Required action —
Return only the lines below starting at the line containing "Digital Percussion DD-35" and ending at the line containing "Milwaukee green jacket", both included, exactly as they are and with no pictures.

──────── Input

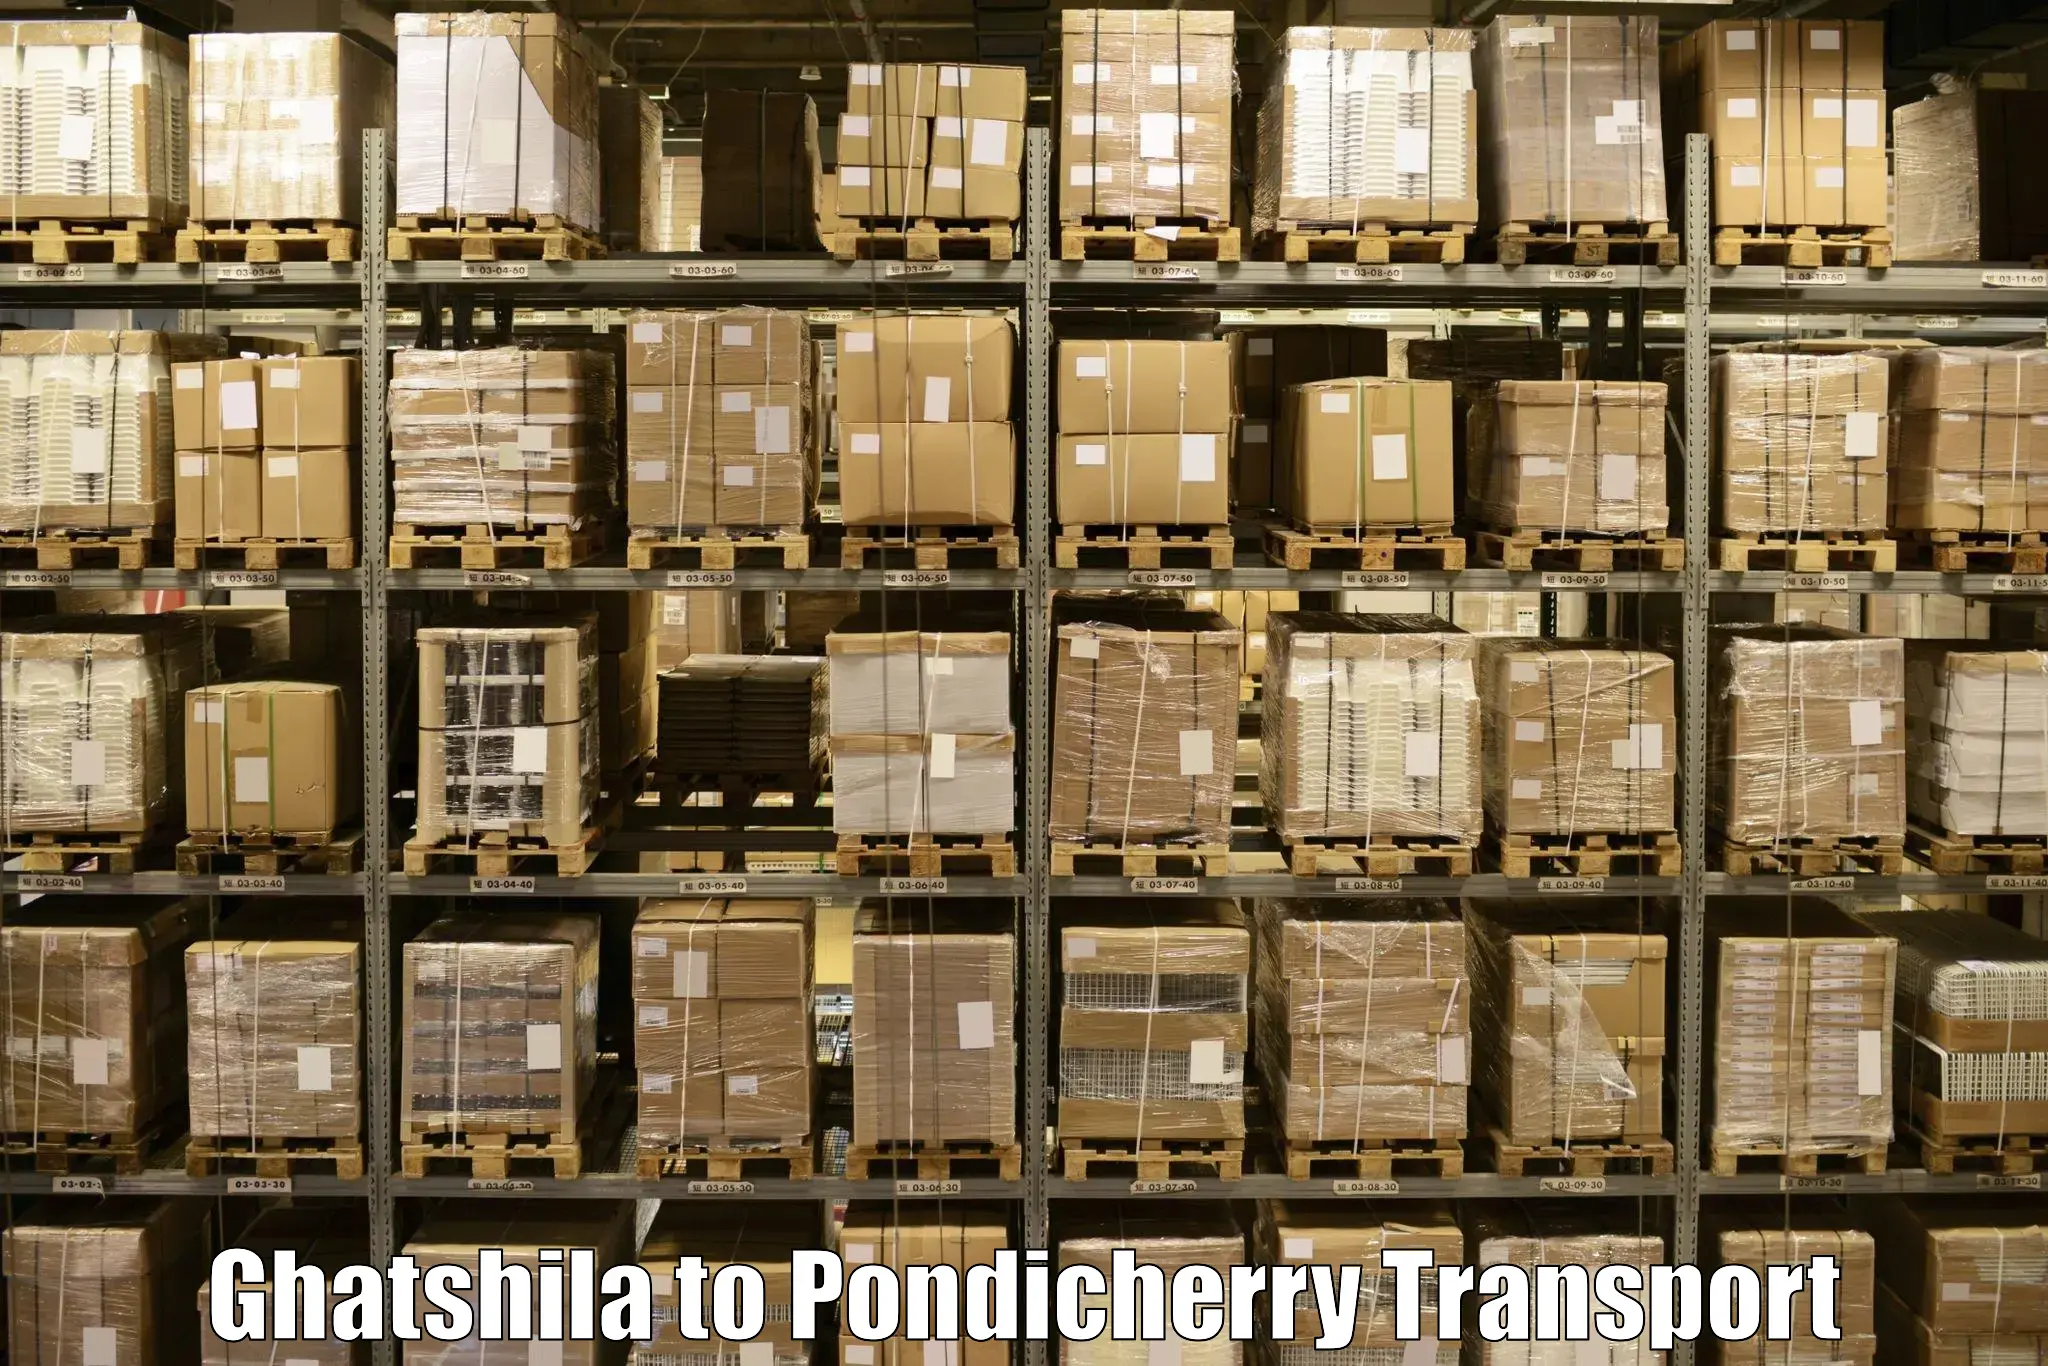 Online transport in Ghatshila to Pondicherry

────────────────
──────── Input

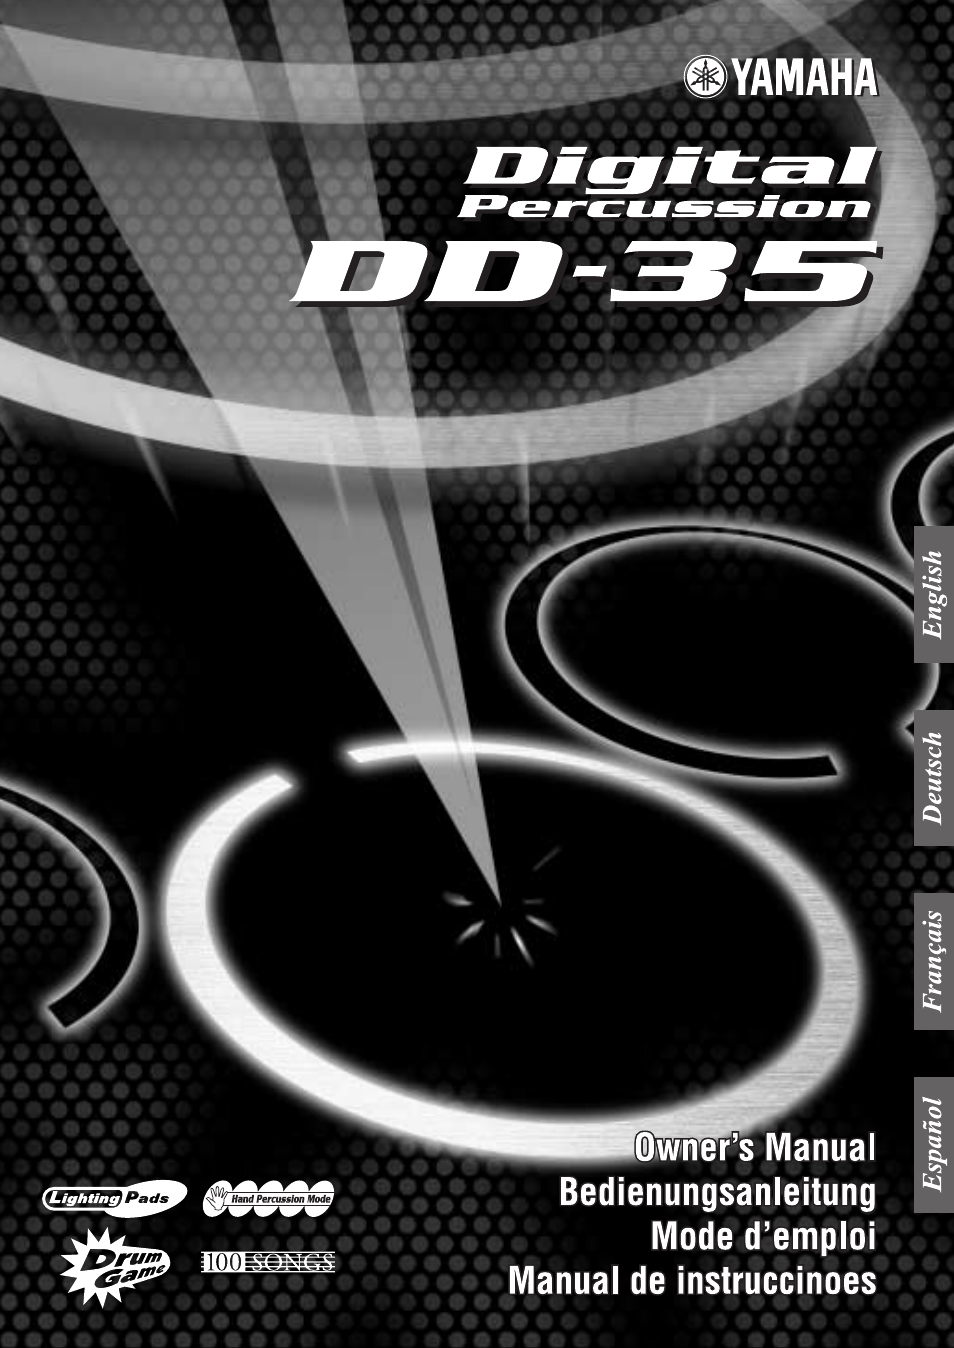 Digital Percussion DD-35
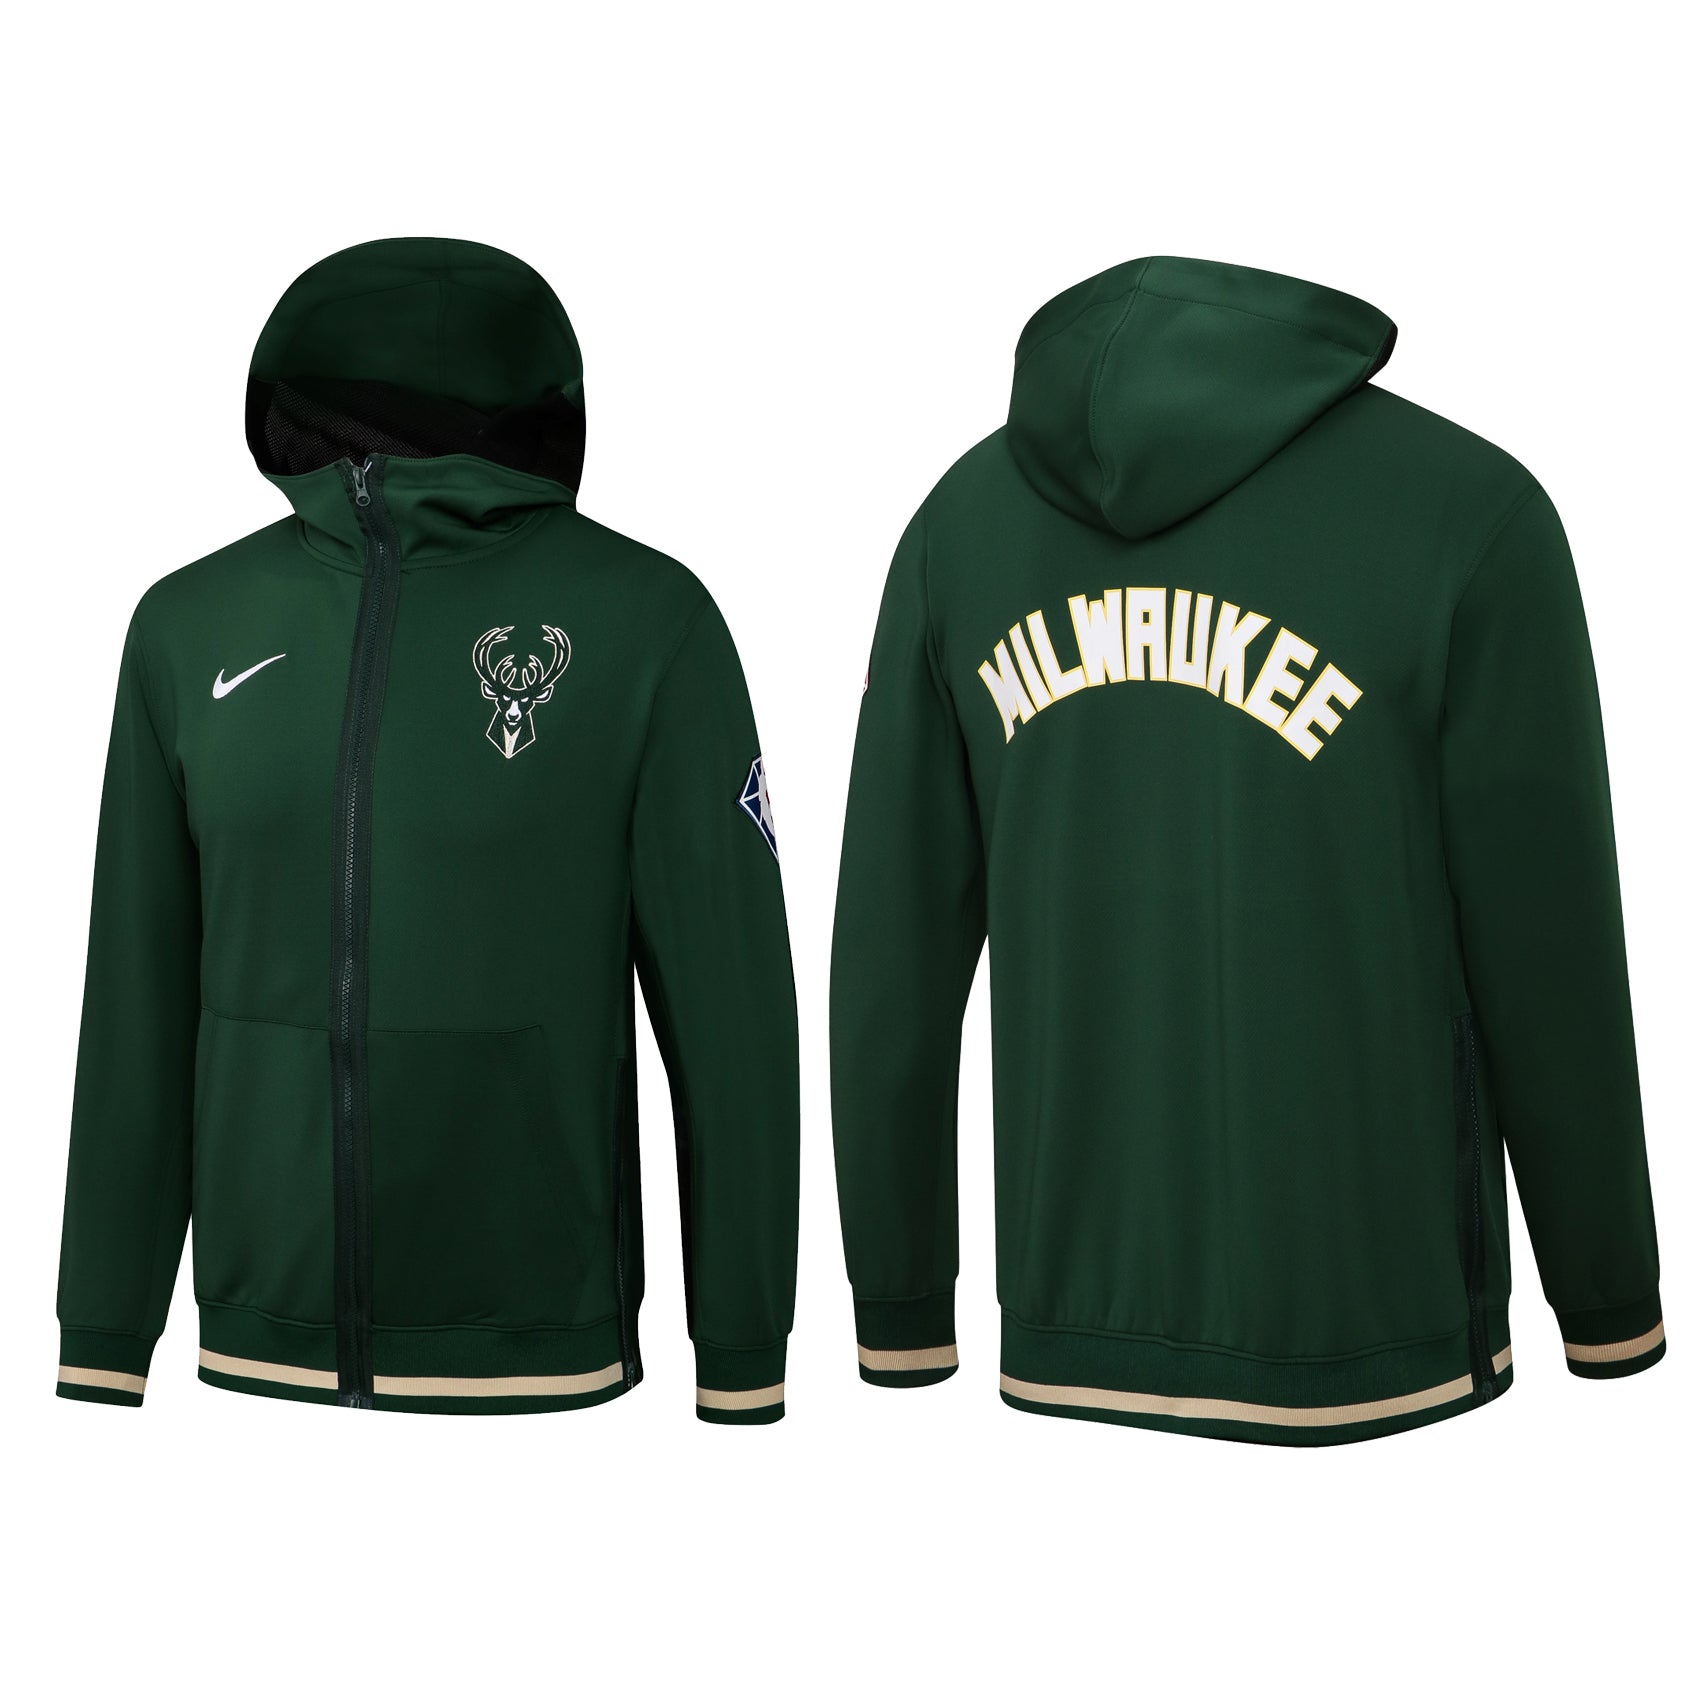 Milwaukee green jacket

────────────────

Solution to this exercise —
 Digital Percussion DD-35
 Milwaukee green jacket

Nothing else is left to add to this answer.